::: MATERIAL TO PROCESS
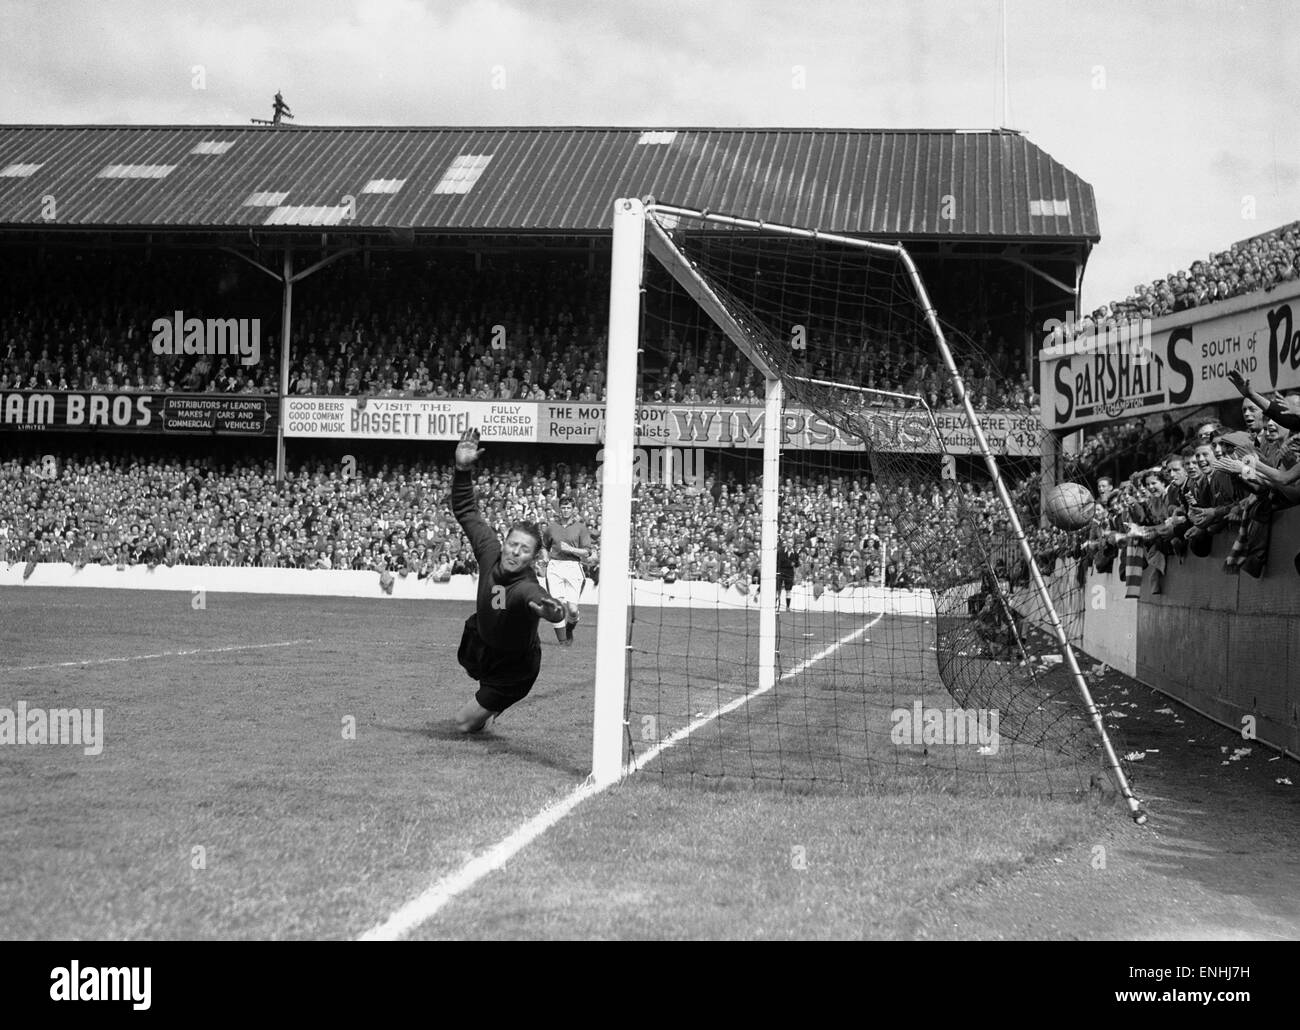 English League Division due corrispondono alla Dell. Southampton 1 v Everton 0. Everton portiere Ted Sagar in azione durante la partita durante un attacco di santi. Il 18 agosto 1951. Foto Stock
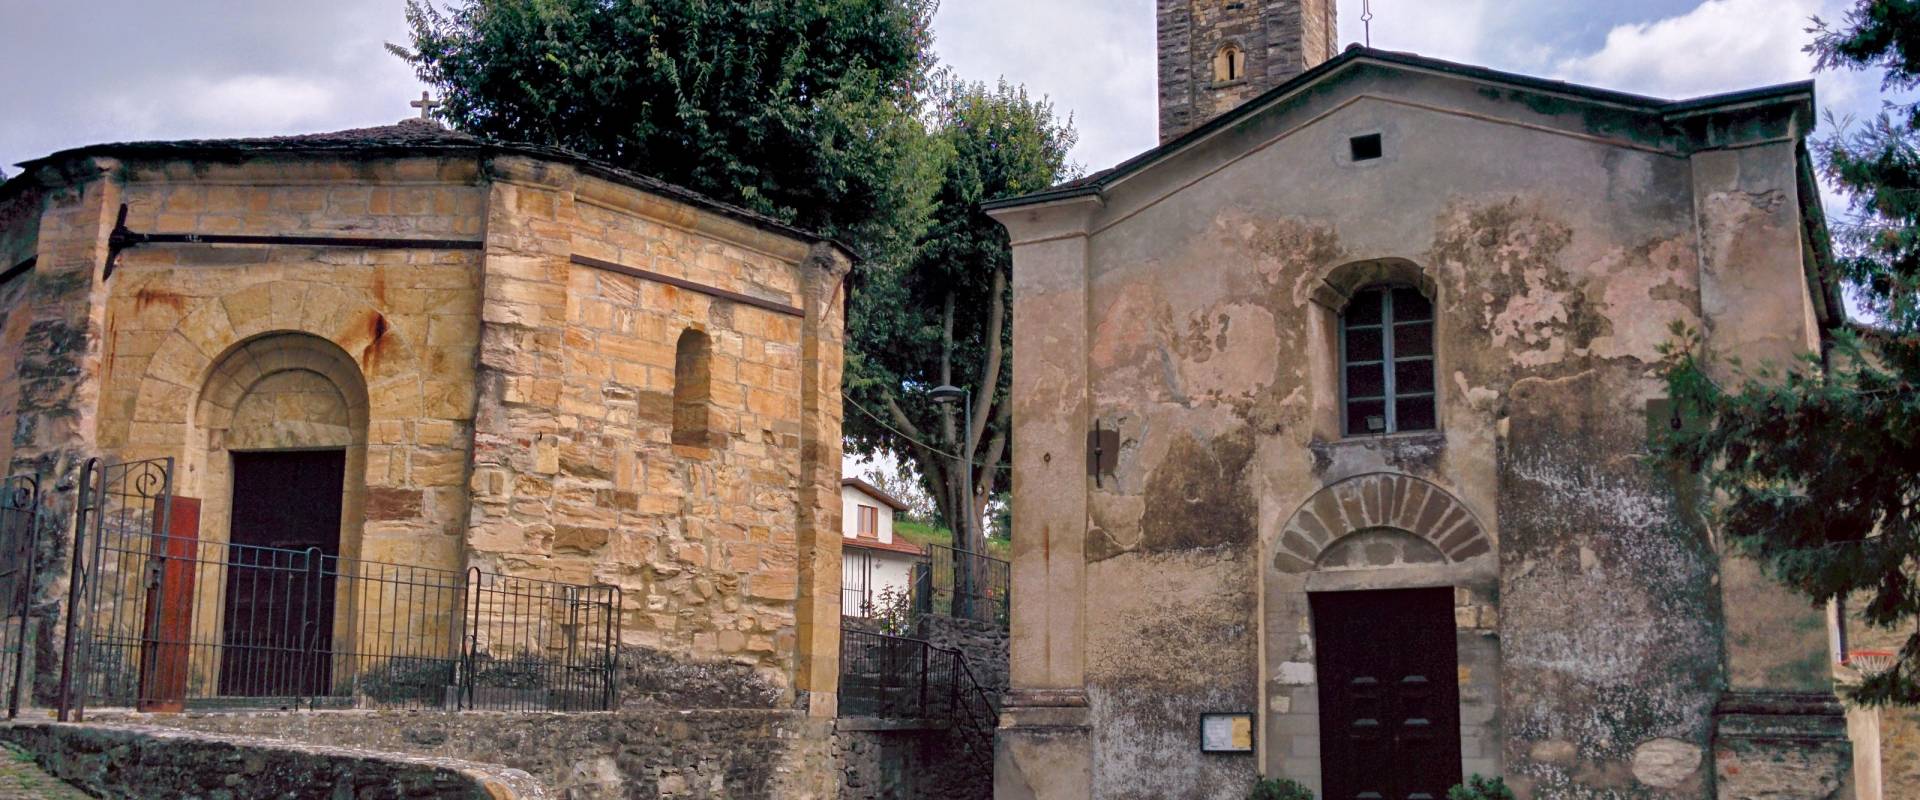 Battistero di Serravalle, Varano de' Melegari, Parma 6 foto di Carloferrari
::::::
::: MATERIAL TO PROCESS
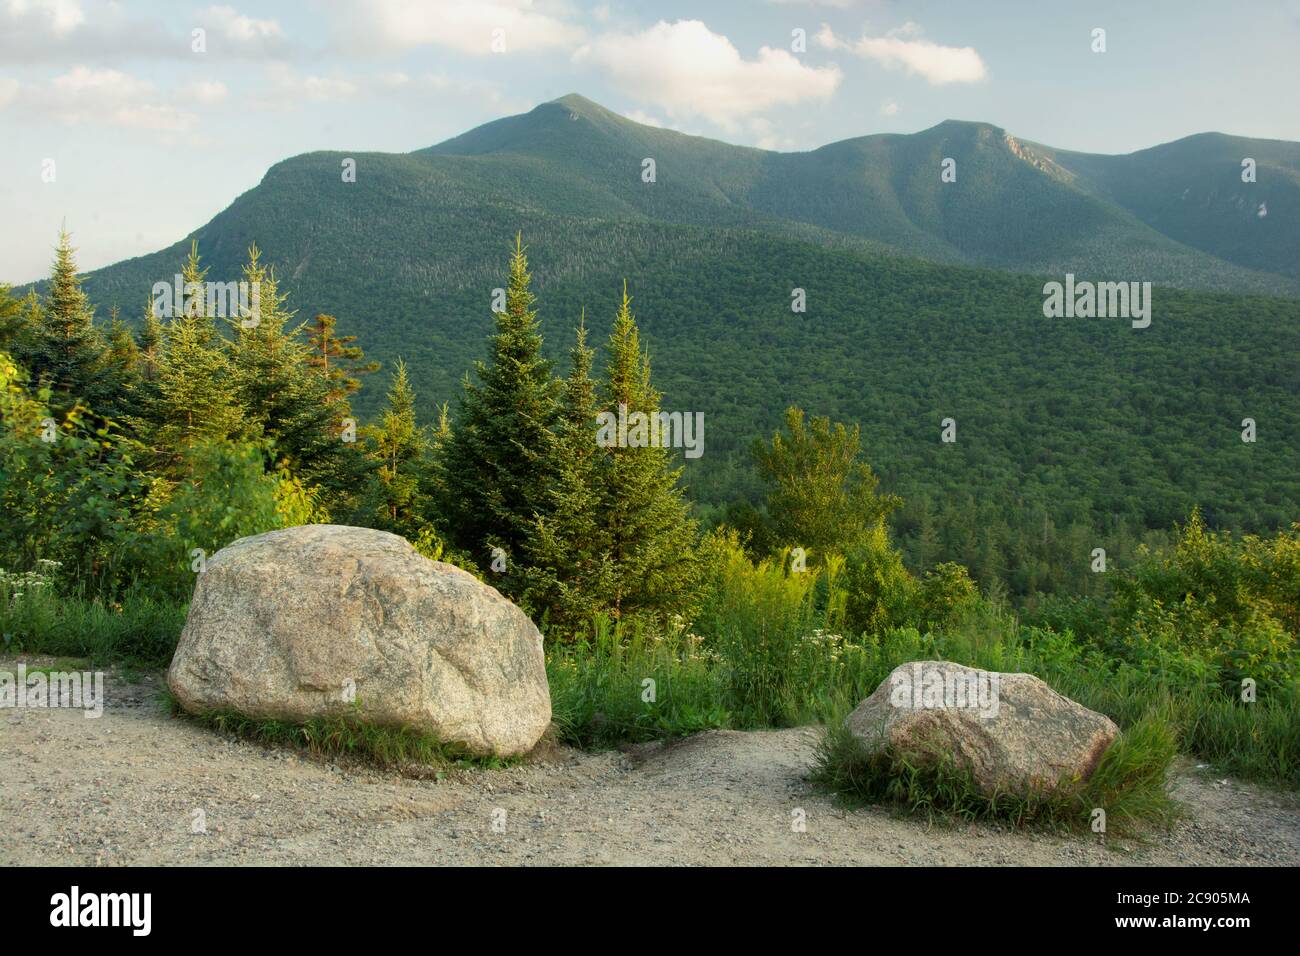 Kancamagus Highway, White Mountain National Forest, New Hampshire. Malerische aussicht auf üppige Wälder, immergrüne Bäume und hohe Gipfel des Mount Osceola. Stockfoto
::::::
::: MATERIAL TO PROCESS
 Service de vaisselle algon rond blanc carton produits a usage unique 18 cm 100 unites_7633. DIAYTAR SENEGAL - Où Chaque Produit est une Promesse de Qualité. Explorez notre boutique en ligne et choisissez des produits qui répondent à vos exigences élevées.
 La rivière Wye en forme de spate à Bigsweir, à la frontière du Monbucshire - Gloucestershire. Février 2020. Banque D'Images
::::::
- _EXERCISE DESCRIPTION_:
Copy, exactly and only, the lines above that begin with the one containing "Service de vaisselle" and finish with the one containing "La rivière Wye".

- _OUTPUT FOR THIS EXERCISE_:
 Service de vaisselle algon rond blanc carton produits a usage unique 18 cm 100 unites_7633. DIAYTAR SENEGAL - Où Chaque Produit est une Promesse de Qualité. Explorez notre boutique en ligne et choisissez des produits qui répondent à vos exigences élevées.
 La rivière Wye en forme de spate à Bigsweir, à la frontière du Monbucshire - Gloucestershire. Février 2020. Banque D'Images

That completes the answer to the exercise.